Consider a codebase at 95% docstring coverage that is, in every way that matters, undocumented:

def process(data: dict, opts: Options) -> Result:
    """Process the data.

    Args:
        data: The data.
        opts: The options.

    Returns:
        The result.
    """

Every coverage tool scores this 100%. It tells the reader nothing they couldn't read off the signature: not what "process" means here, not which keys data must contain, not which opts matter, not what Result represents, not what happens when data is malformed, not whether it mutates data, not whether it's safe to call concurrently. The tool counted the envelope and ignored that the letter is blank. A whole codebase can be like this and pass any --fail-under gate you set. That is not a contrived edge case — auto-generated and AI-padded docstrings produce exactly this at scale, and they move the coverage number the most.

Key insight: Docstring coverage measures whether text exists where a tool expected text. It is structurally incapable of measuring whether that text helps a reader, because — unlike a test, which can at least assert — a docstring has no executable claim to check. Treat the number the way you treat line coverage: a floor on absence (below 60% you certainly have holes) but never a ceiling on quality (95% tells you nothing about usefulness). It is the weakest signal in this entire roadmap, and it is the one most teams over-index on precisely because it's the easiest to compute.

Risk-Weighted and Demand-Weighted Coverage¶

The deepest flaw in naive coverage isn't the numerator (presence vs value) — it's the denominator. "Percent of all symbols documented" treats every symbol as equally worth documenting, which is false by orders of magnitude. A private helper called in one place and a public API function called by ten thousand downstream users are one symbol each in that ratio. Weighting them equally is the documentation equivalent of measuring code quality by counting all lines the same whether they're in a payment processor or a debug log formatter.
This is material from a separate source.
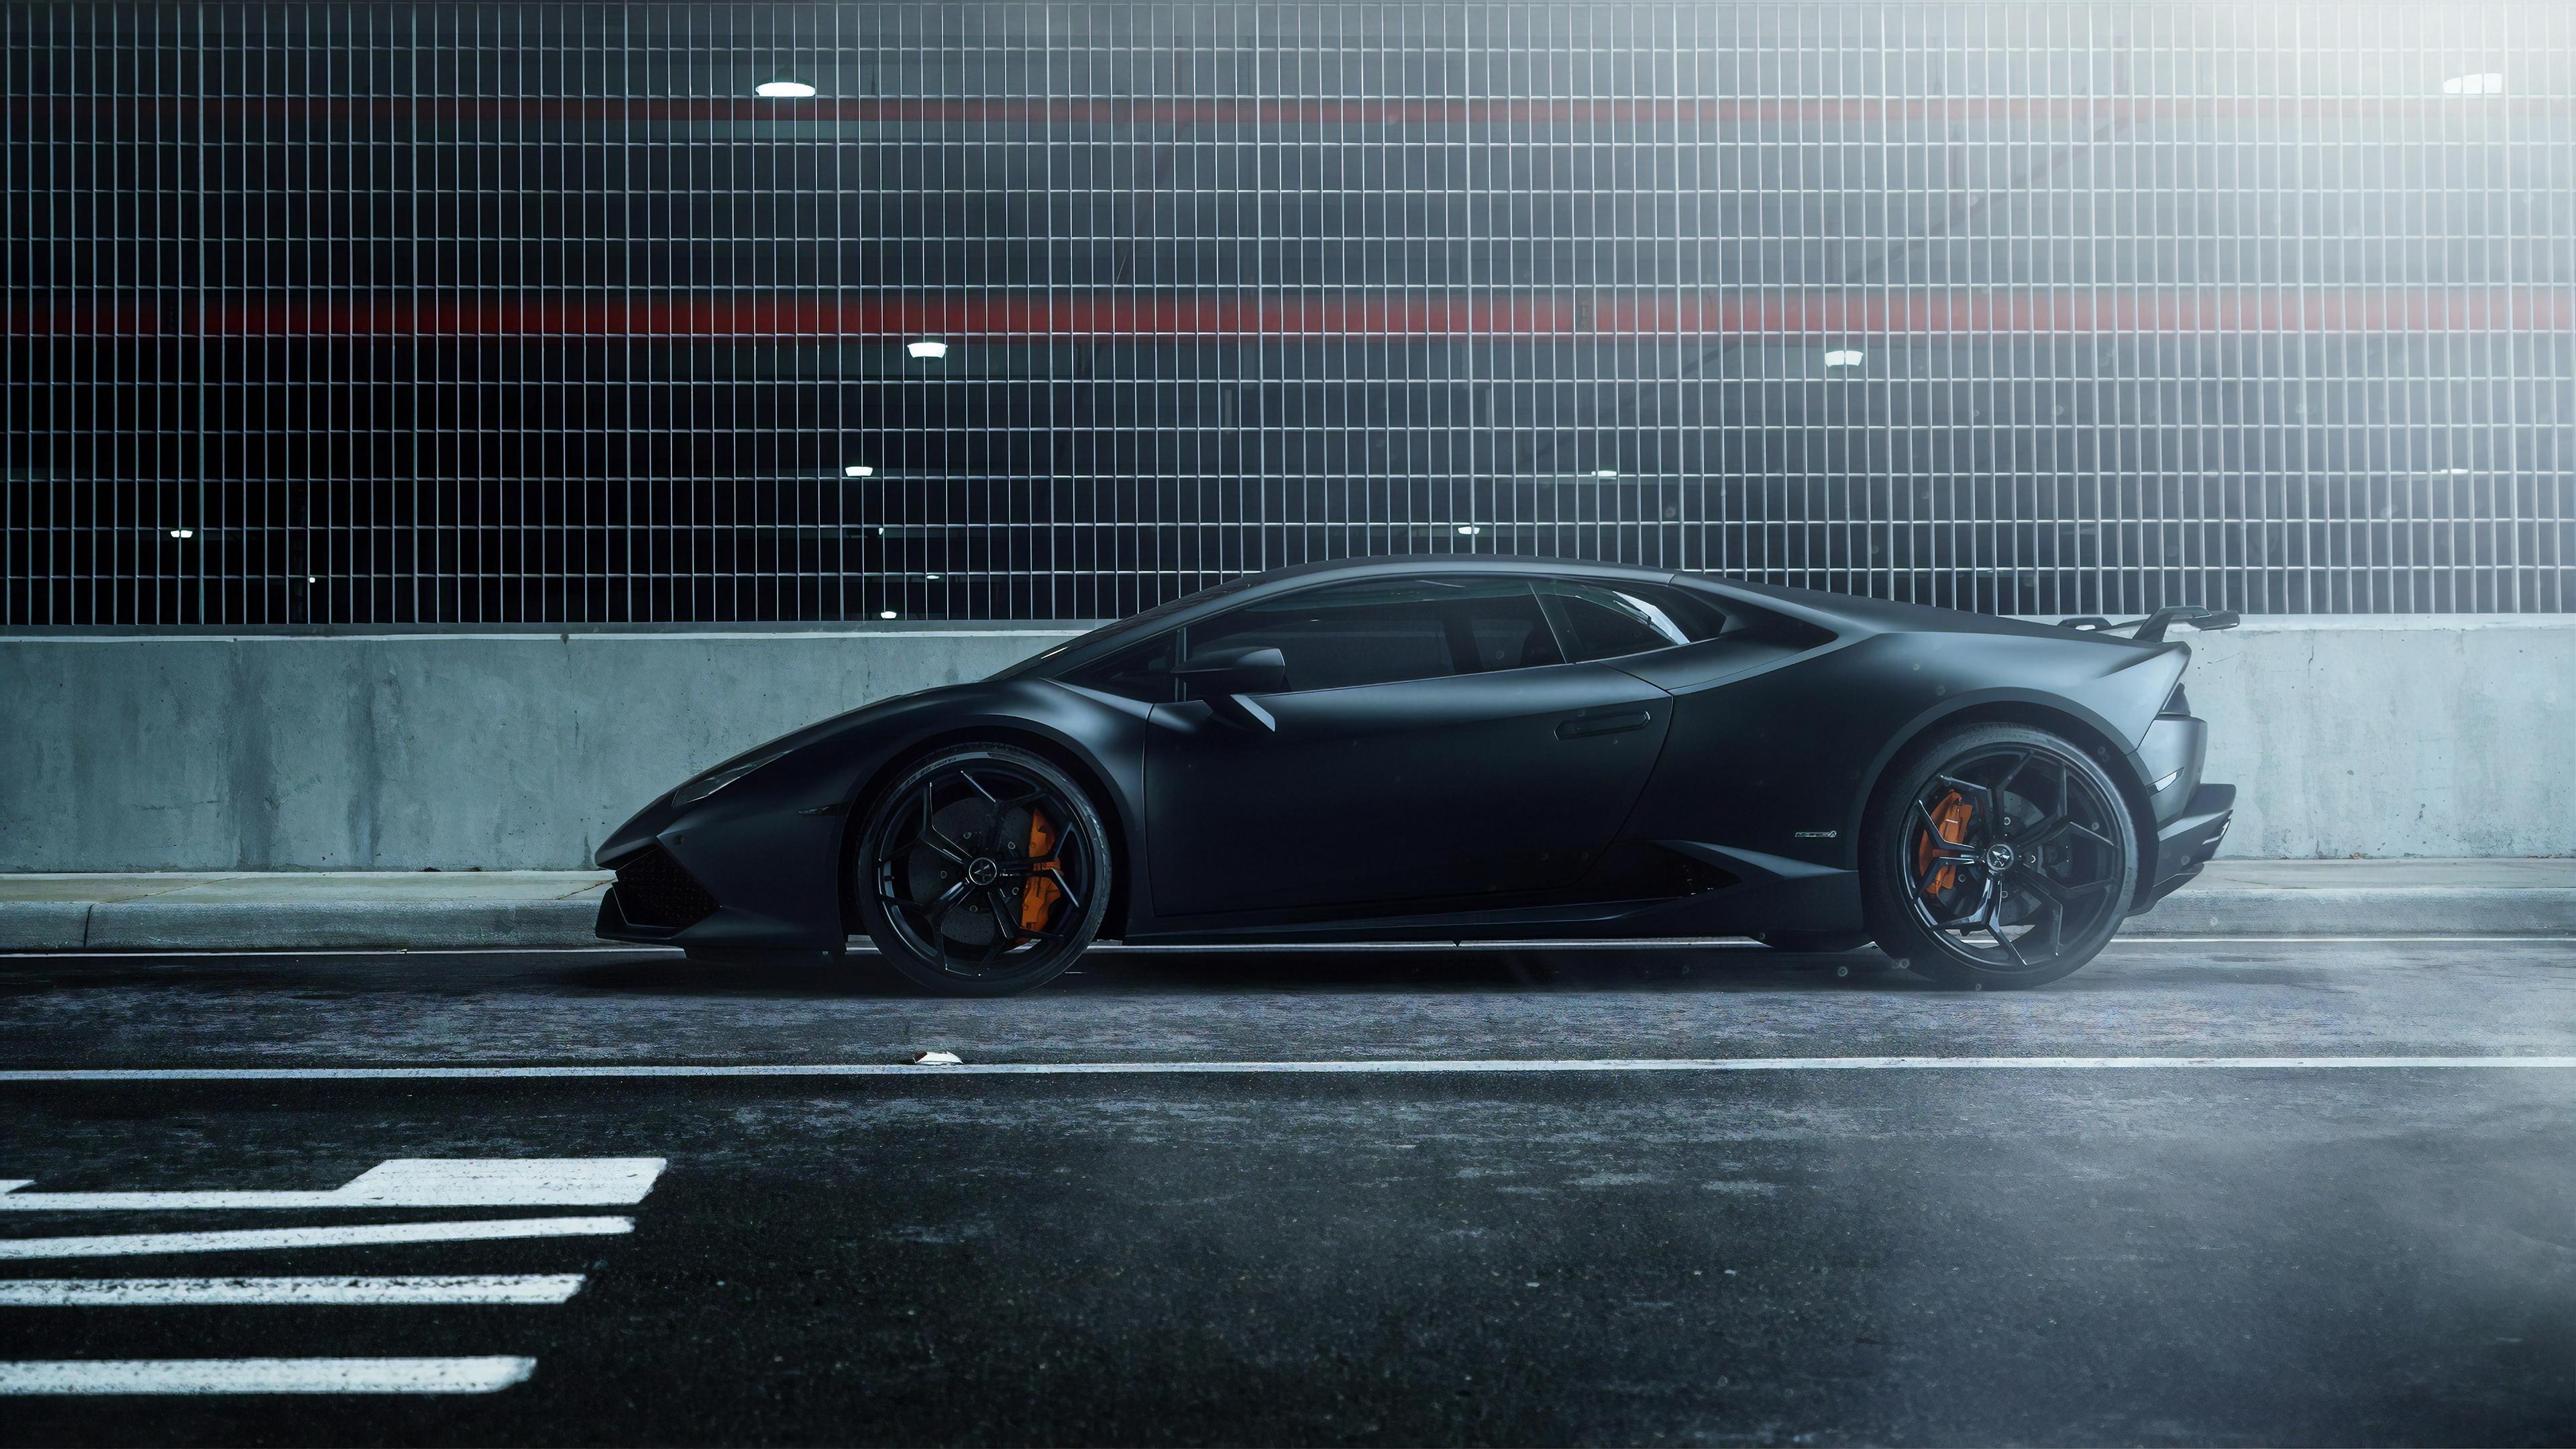 Lamborghini Huracan 4k Ultra Hd Wallpaper Background Image

Code-quality dashboards solved this with risk-weighting: a complexity hotspot in a frequently-changed, business-critical module counts for far more than the same complexity in a stable leaf utility (this is the Adam Tornhill Your Code as a Crime Scene idea — weight by change frequency × complexity). Documentation needs the same move, and its risk axis is reader demand. The question is not "what fraction of symbols are documented" but "what fraction of the documentation that people actually need is good?"

Make the denominator demand. Concretely, weight every documentable unit by a demand signal and compute coverage over that weighting:

                Σ (demand_weight × is_well_documented)   over units
demand_coverage = ─────────────────────────────────────────────────
                          Σ demand_weight                over units

Where demand_weight is drawn from signals you can actually obtain:

A 200-symbol public API at 70% demand-weighted coverage is in real trouble; a 50,000-symbol codebase at 70% flat coverage might be entirely fine if the documented 70% contains everything anyone calls. The flat number can't distinguish those two worlds. The demand-weighted number is built to.
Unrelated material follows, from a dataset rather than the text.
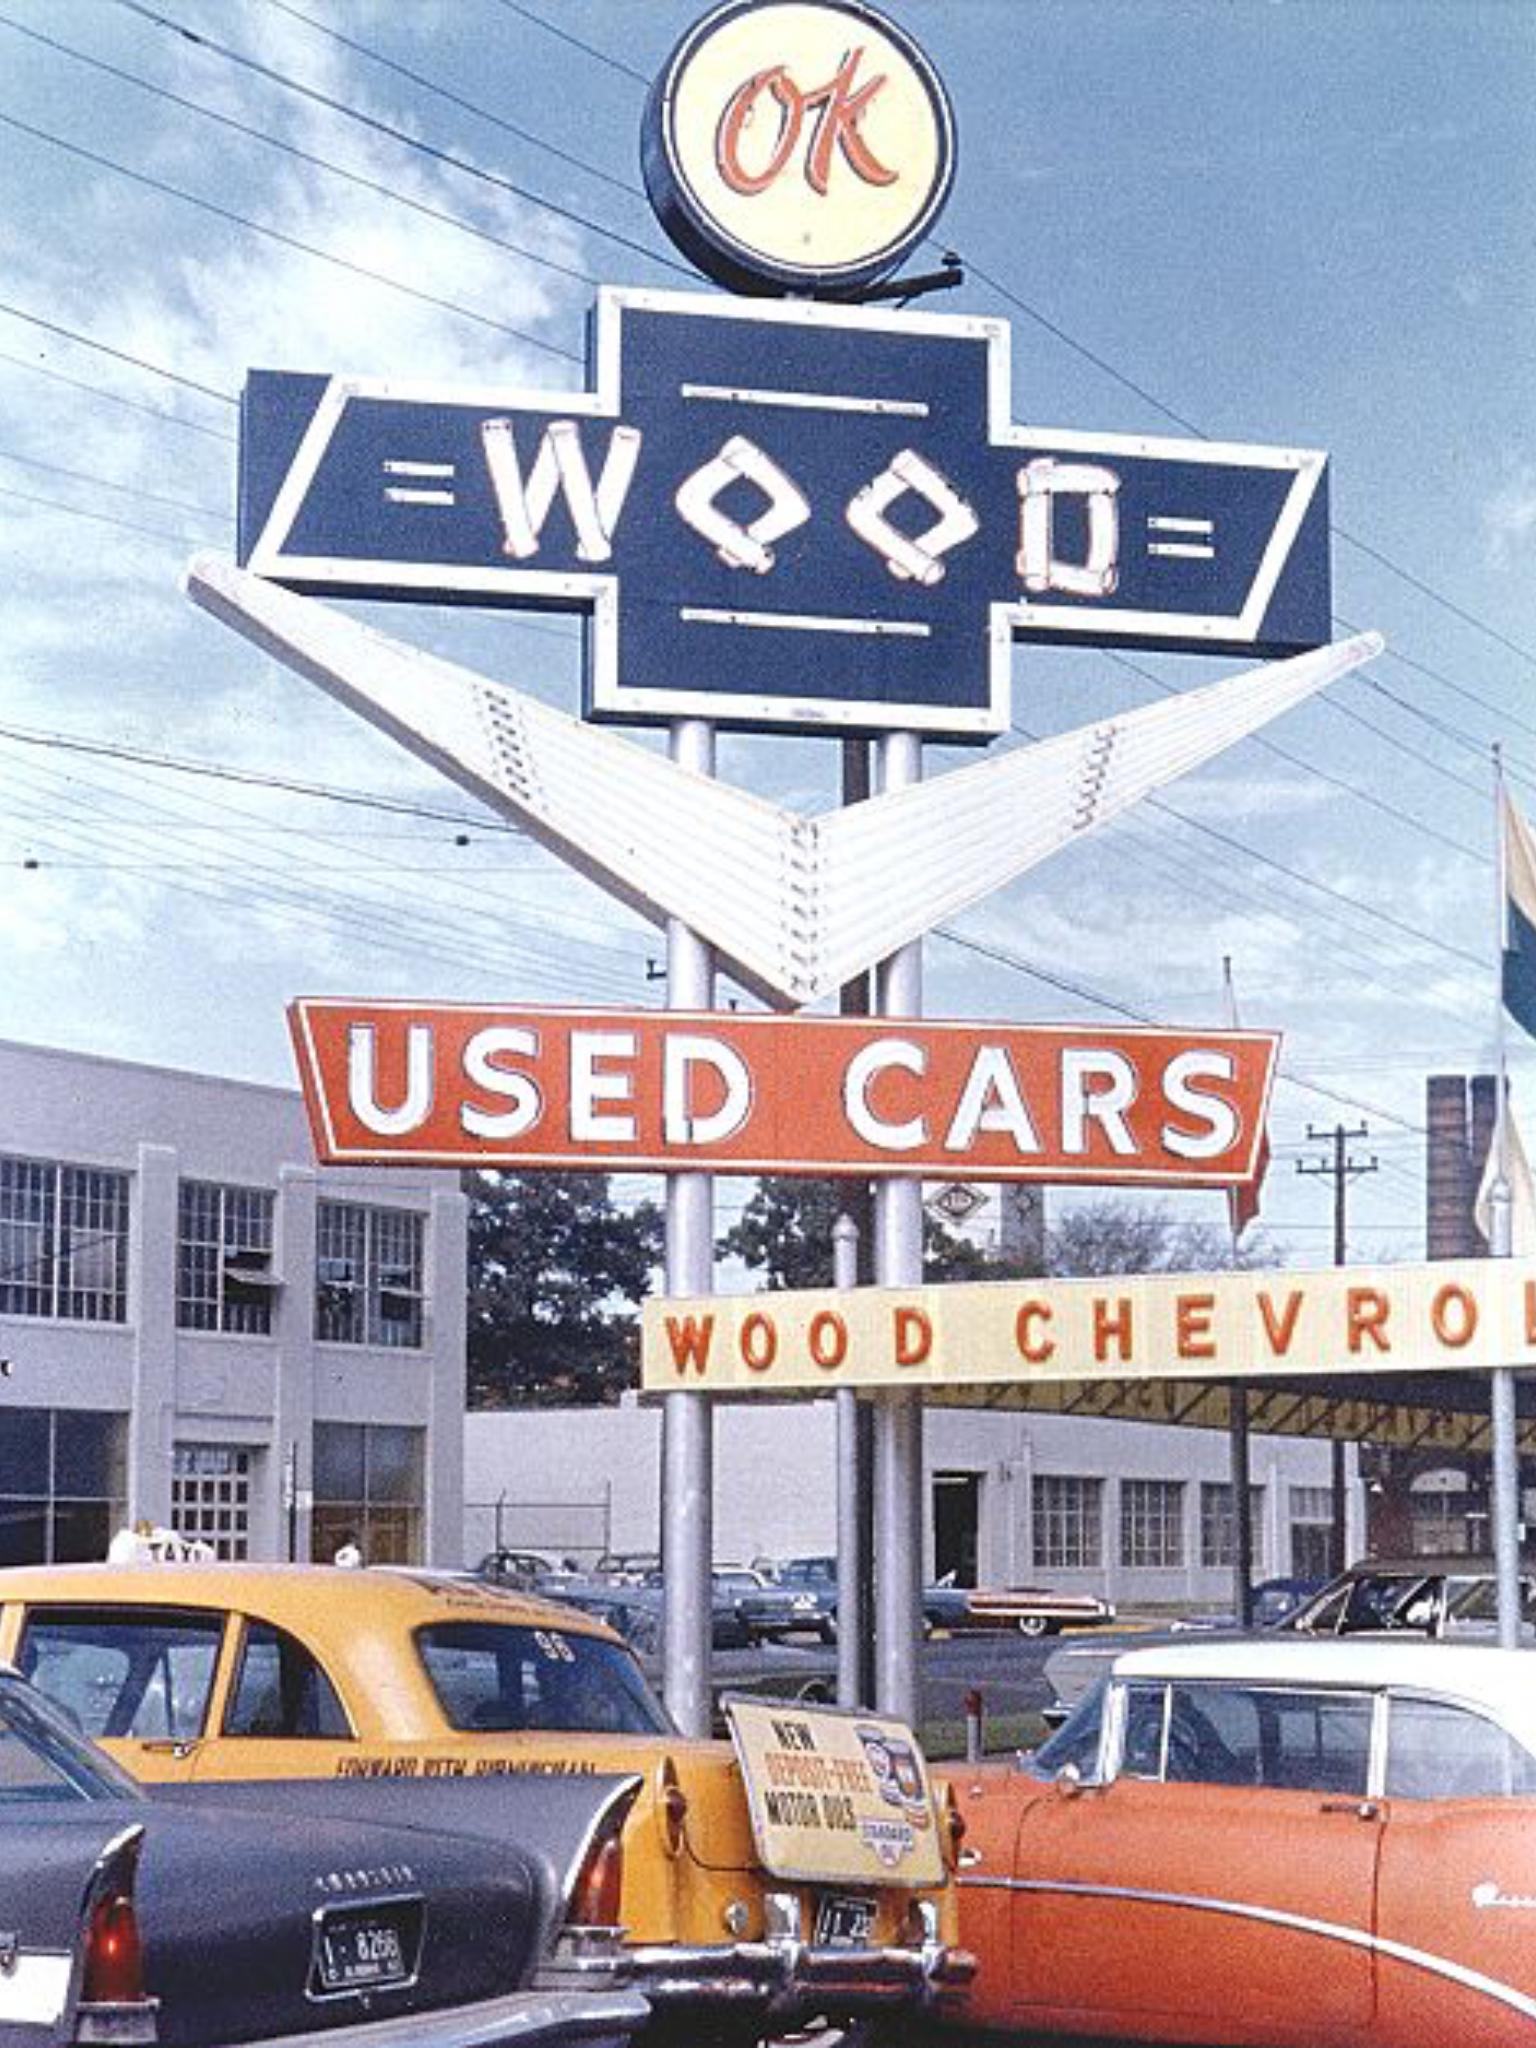 1962 Wood Chevrolet Co Dealership Birmingham Alabama Chevrolet Dealership Birmingham Alabama Dealership

The sharpest version of this is to invert the question from supply to demand. Stop asking "which symbols lack docs?" (a supply-side list dominated by private noise) and start asking "which of the things people reach for lack docs?" The first list is long, mostly irrelevant, and demoralizing. The second is short, every entry is load-bearing, and fixing it moves a metric a human cares about. Same underlying data, opposite usefulness — entirely because of the denominator.

Key insight: Coverage's denominator encodes a theory of what matters. "All symbols" encodes "everything matters equally," which is never true. Replace it with a demand-weighted denominator — public-API surface, call frequency, ticket references — and the metric stops rewarding docstrings on dead code and starts rewarding docs on the things readers actually touch. This is risk-weighting from code-quality dashboards, applied to docs, with reader demand as the risk axis.

Demand-Side Gap Discovery — Reader Behavior as the Ground Truth¶

Tool-reported gaps are supply-side: the tool walks your symbols and reports which ones lack text. That list is real but weak — it's biased toward whatever the tool can parse (it sees missing docstrings, never the missing how-to guide), and it has no idea which gaps anyone cares about. The strongest gap signal is demand-side: it comes from watching what readers tried to find and failed to find. Reader behavior is ground truth in a way no static scan can be, because a failed search is a gap a real person hit on a real task — not a gap a linter inferred from an empty comment slot.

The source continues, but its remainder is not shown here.